Those are among the findings of a new study by the Commonwealth Fund, an independent health policy research group that ranked health care in the 50 states and the District of Columbia. Using 38 performance indicators, the scorecard comes as lawmakers debate a health care bill in Congress, and it provides fodder for supporters and opponents with C-SPAN-ready visuals for constituents watching at home.
Also See: Democrats Laud New CBO Report on Health Bill
The report, titled “Aiming Higher,” lays out in stark detail how states rank on access to health care, quality of care, avoidable hospital use and costs, equity across income and racial lines and whether residents enjoyed long and healthy lives.
An initial accounting by Commonwealth in 2007 found wide disparities in the health care system. This second scorecard shows gaps remain and in some cases have grown wider. For instance, health insurance coverage for adults has declined in most states since 2007. At the same time, most states saw gains in health coverage for children thanks to federal and state support for the Children’s Health Insurance Program.
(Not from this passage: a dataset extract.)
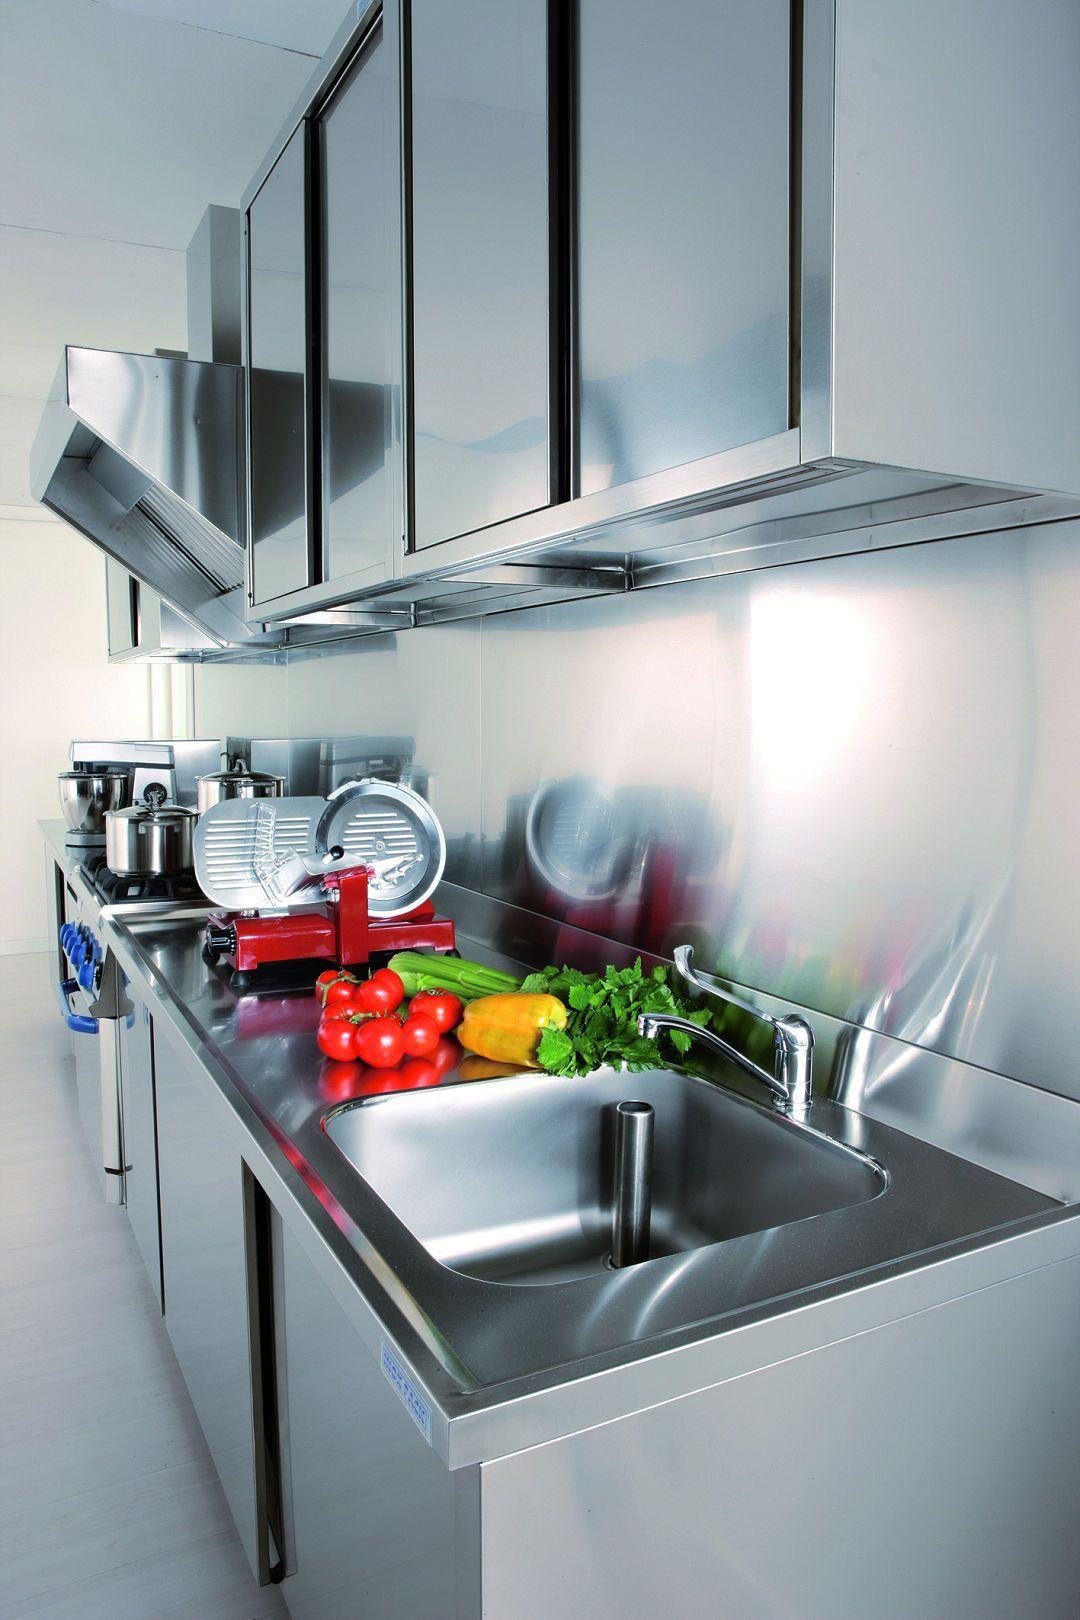 Arca Cucine Italia Cucine Domestiche In Acciaio Inox 12 Gourmet Grand Chef Aspirazione E Pens Cucine Di Lusso Decorazione Cucina Cucina In Acciaio Inox

Yet geographic variations remained stark, often with as much as a two- to three-fold spread from top to bottom states. States in New England and the Upper Midwest continued to provide the nation’s best health care. Iowa, Minnesota, Nebraska and the Dakotas did it while lowering costs, a sign the states focused on coordinated care and more efficient use of resources, the study said.
States in the South, the Southwest and the Lower Midwest, however, lagged far behind. On one measure, infant mortality, dismal statistics in the District of Columbia, Mississippi and Louisiana helped drag the U.S. as a whole down to 19th among European and other Western nations.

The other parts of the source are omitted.